What important data on Google Analytics should interest you?

What important data on Google Analytics should interest you?

The web traffic measuring service Google Analytics offers dozens of data that can be a bit overwhelming all at once. Of course there are various professional overviews and tutorials from Google itself or other agencies that deal with explaining specific Analytics functions, but before you'd want to give all of them a try, you should know some basics first.

Audience Overview

What brought the individual visitors on your website? For how long did they stay and how soon did they leave again? You can discover this and lots of other information in the statistics of your visitors that you can open by clicking on Audience and then Overview.

Google Analytics

After you select a specific time interval (Analytics automatically measures the past month), you can see how many visitors did your website have, how many views (the numbers are different because each visitor can view your website several times), page views, average time spent on site, or bounce rate, which means how many people left your site after visiting only one page.

 

In secondary data, you can see from what countries each of your users came, what browser and operating system do they use (and in what language), or what is their screen resolution, which can be useful for optimizing the design of your website. 

 

These basic data can easily show you what pages or articles of your website are the most popular and which are the least. If for example the average time spent on a page with a longer text is several minutes, people are probably really reading it. However it it's only  a few seconds, no one seems to be interested.

Google Analytics Audience Overview

Real time visitors

As the name itself suggests, the Real Time function helps you to immediately see the current movement on your website. Thanks to this function you can see how many people are right now on your website (or a specific page), how is your traffic influenced by instant promotion (for example through paid promotional campaign) or from where do individual visitors come to you (however keep in mind that these numbers are aggregated, which basically means that they don't have to be 100% accurate).

Where did everyone come from?

There are also lots of interesting data in Google Analytics' section Acquisition, but we will focus here only on those most interesting. Because when you select All Traffic and Referrals in Acquisition, you can see the individual sources your visitors came to your websites from.

 

Thanks to this information, you can find out not only how effective it is to share links to your website on various social networks, but also if anybody posted a link to your web for example on a forum or their own social profile. In another words, thanks to this metric you can easily see how the awareness of your project grows.

Google Analytics Acquisition Referrals

Visitors behaviour

The last function that you should be avare of is Behaviour, which measures the visitor movement on your website and what pages do they like the most and from what they just better run away (or they just end their journey on your website).

 

Whereas in the overview of this function you can follow the general traffic of your individual pages, you can inspect more specific analysis in the next options. Behaviour Flow will show you the most common patterns of in what order your visitors go to individual pages. Site Content shows traffic, the average time viewing, or bounce rate.

 

In the subcategories Landing Pages and Exit Pages, you can find out which page of your website is usually the first one your visitors land on, and which is usually the last one.
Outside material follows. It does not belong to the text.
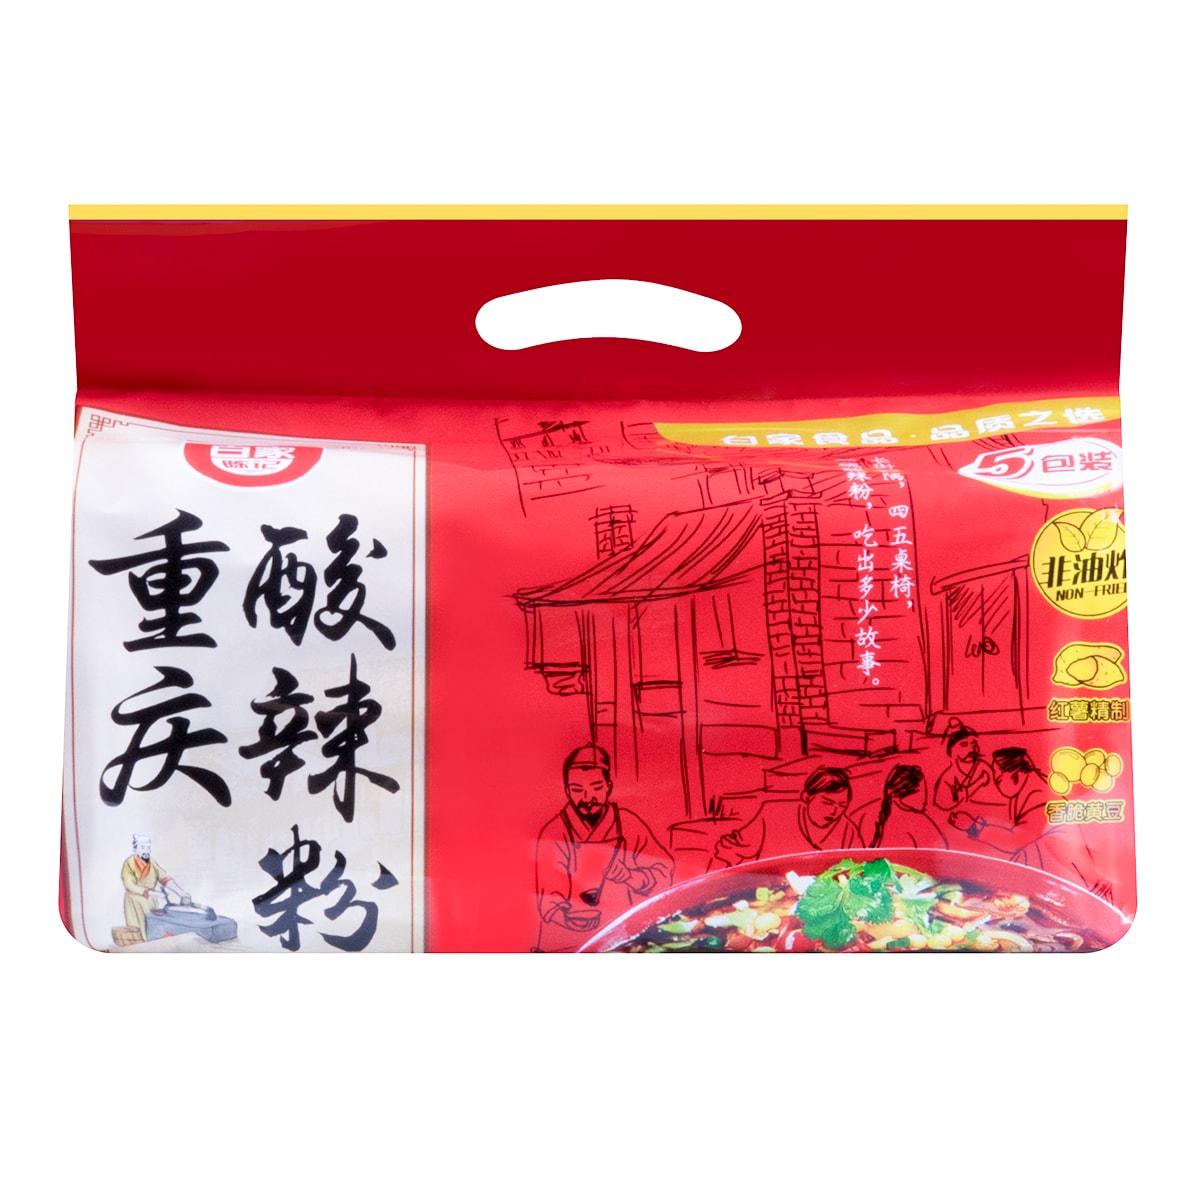 BAIJIA Sour Spicy Instant Noodle 425g

So if you for example notice that most of your visitors runs away after entering the pricing page, you probably know where the problem is.

Google Analytics Content Structure

In the Site Speed subcategory, you can see what pages take too long to load (for example because of  a large amount of images or their size). In Site Search you can then see how many visitors came to you through Internet search engines and what keywords were they searching.

 

Of course Google Analytics offer lots of other interesting data, but if you know from the beginning at least these ones, it surely will be a first step for understanding and using the Analytics data for expanding your website's reach.